Several election experts agree with Galvin that turnout in 2021 won't impress.

"There aren't any signs that I've seen that it's going to be a sudden explosion of turnout over what we saw in the prelim," said MassINC Polling Group president Steve Koczela, who's kept a close eye on the race.

Koczela noted that only around 108,000 votes were cast in the preliminary election in September, representing a downward trend that has continued since the prelim eight years ago.

"That was not a good sign for turnout in the sense that there are now 65,000 more voters in Boston than there were in 2013," Koczela said.

Koczela said if the city musters around 140,000 voters for tomorrow's election, it would nearly match the total number of votes cast in 2013, but would still be a downturn given Boston's population growth over that time.

"That would represent a smaller share of city voters than cast their ballots in 2013," Koczela said.

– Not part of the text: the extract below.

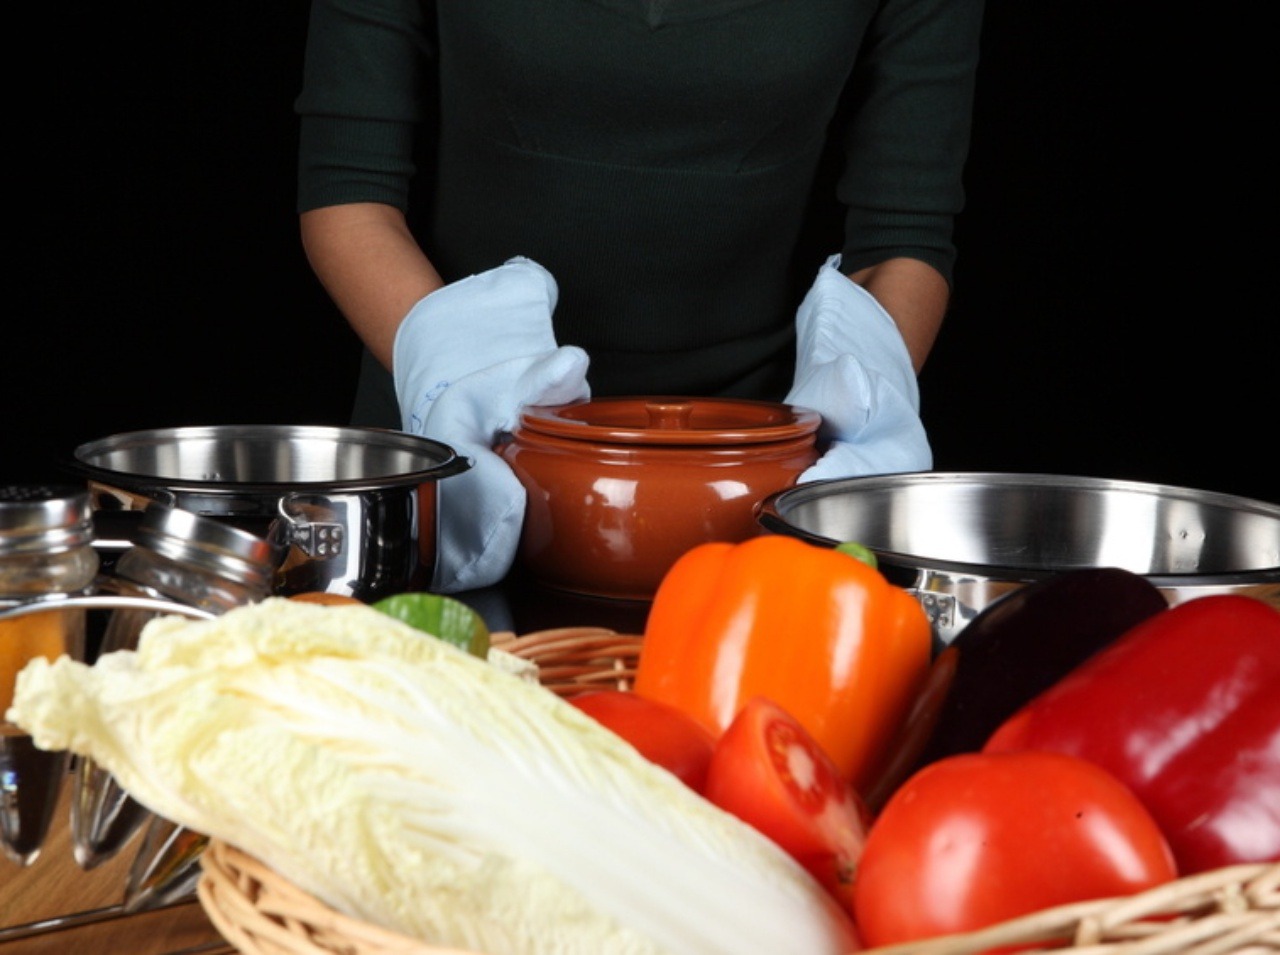 Ženy sú v kuchyni vystavené nebezpečným uhľovodíkom v kuchynskom riade a rôznych nádobách

Rivera Consulting president Wilnelia Rivera estimates the general election will attract about 20% more votes than the preliminary, or about 135,000 voters, the same total as Galvin's estimate.

"I don't think we should expect a large departure in the general than what we saw in the preliminary in terms of the sort of traditional turnout," Rivera said.

Rivera pointed out that since more than 44% of the voters from the preliminary supported a candidate other than Wu or Essaibi George, the voters to watch are the ones looking to pick between the two finalists as well as the roughly 25,000 voters who skipped the prelim.

Boston Ward 4 Democratic Party Chair Jonathan Cohn, who is supporting Wu, watched how Essaibi George performed well in the preliminary and helped defeat acting Mayor Kim Janey with support from traditionally high-turnout precincts.

"Annissa and Kim both often won big where they won and lost terribly where they lost, but places where Annissa won big were big turnout areas and the parts where Kim won big weren't," Cohn said.

But Cohn doesn't know if Essaibi George's dependable base will be enough to overtake Wu in the general.

"Considering that some of the high turnout areas like in Neponset that were for Annissa in the prelim had such high turnout to begin with, there's not as much room for turnout growth there," Cohn said.